Once I came to Chicago I struggled with how to keep up my climbing. It got harder as med school intensified, so once the opportunity to jump into bike racing presented itself, I jumped in the deep end again. My first race was the Tour of Galena where I’m pretty sure I got close to last place, but I still had an awesome time. As road season faded out, I started to go into withdrawal, so I switched to getting my fix on the track. The pure speed and constant race strategy kept me hooked. But track season also ended, and along came the allure of mud, friends, and beer. My second season was dominated by surviving med school while my racing suffered. But near the end of my third year of med school, I decided my school could suffer and it was time to get serious about racing.
I started training at the track so I could cat up and race with the big kids on Thursday nights. Fortunately, this is where I met Lucas Seibel and found out the Spidermonkeys were really cool. Next thing I knew, I was going back to the tour of galena with a bunch of monkeys to ride the water slides and do a bit of racing. The weekend was a success, I did far better than my literal first time at the races. We also managed to eat a lot of hotel Belgian waffles and giant 2 pound hot pretzels. The deal was finally sealed, as far as I was concerned, a few weeks later at the gravel metric. After riding a grueling 4 hours of gravel, I was still in the middle of nowhere and starting to wonder if I had made a wrong turn. I was beat, but I thought I saw a rider behind me, so I just decided to wait for them. I had the good fortune of that rider being nobody less than Kelly Clarke. She was like, I eat gravel for breakfast; we’re all good. We figured out how to get back on track, and as I started to bonk and my knees stated to get cranky, Kelly pulled all the way home. That’s when I knew the monkeys were definitely awesome. As soon as I got around to making a team ride, Deanessa asked me if I wanted to join, and I instantly responded, yes!
In my first season as a monkey, I have had an unbelievable amount of fun. On the road, I got torn up by Lucas, and had a blast pushing the race pace with Monko and PJ. On the track, I formed a number of strategic team alliances, such as Team Homewreckers (Kelly, Rod, and I) where we relentlessly, unpredictably, and anti-strategically attack. Also Team Bonk Da Monkey with Jeremy and Justin from Bonkers, where we actually got some team tactics to work both on the track and on the road. Cross started out with two strong relay teams: The Sweaty Pretzels with Ann Marie and also The Kickin’ Kangaroos with Drew. Lindsey Fahey also allowed me to get my psychiatry practice started as I psychoanalyzed her cross performance. But basically hanging with you guys on and off the bike has been the best thing ever.

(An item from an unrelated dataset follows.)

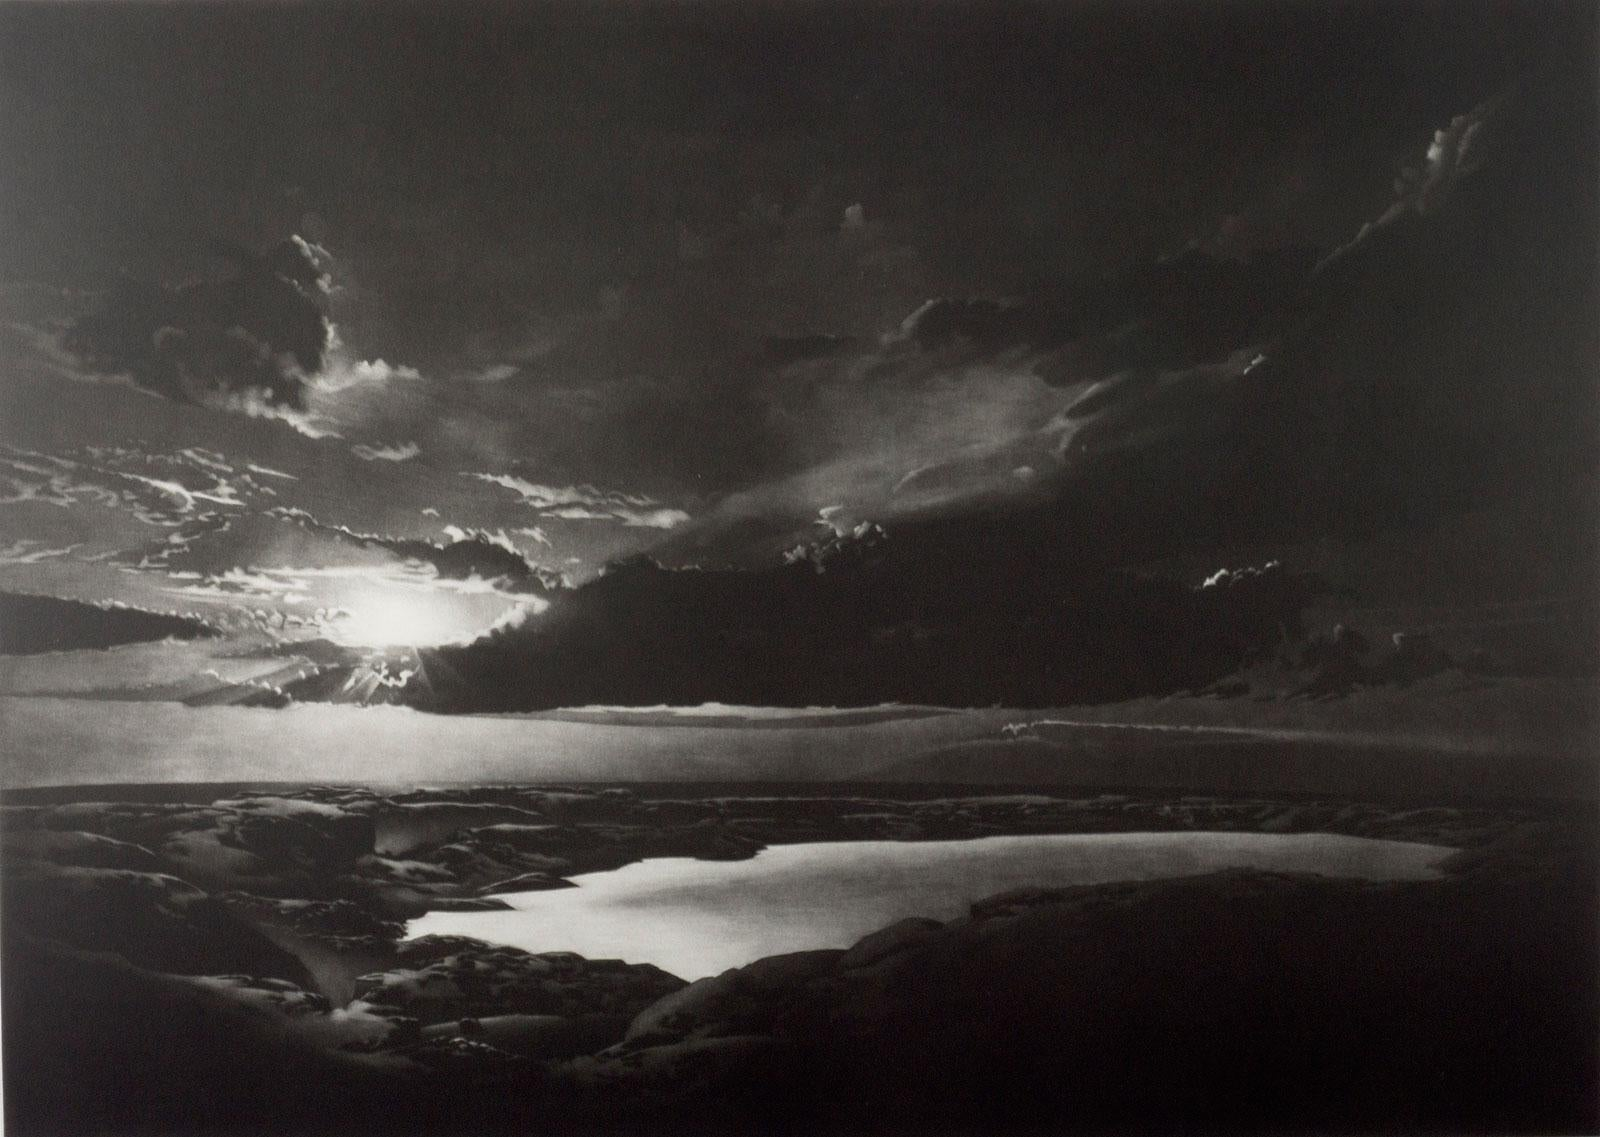 Icelandic Landscape (The sun creates dramatic cloud pattern over a glacial lake)

I’m finishing up my fourth year and about to see where I head for training as a psychiatrist. I sincerely had hoped that Chicago was going to be a top choice just so I could continue hanging with you guys. Buuuut, the West coast is looking like the ideal place to train. Also the rock climbing isn’t so bad, and they don’t have the polar vortex. So we need to talk about starting a west coast division of the monkeys. (I’ll find out for sure March 21st.) Regardless, I’ll always be a monkey at heart.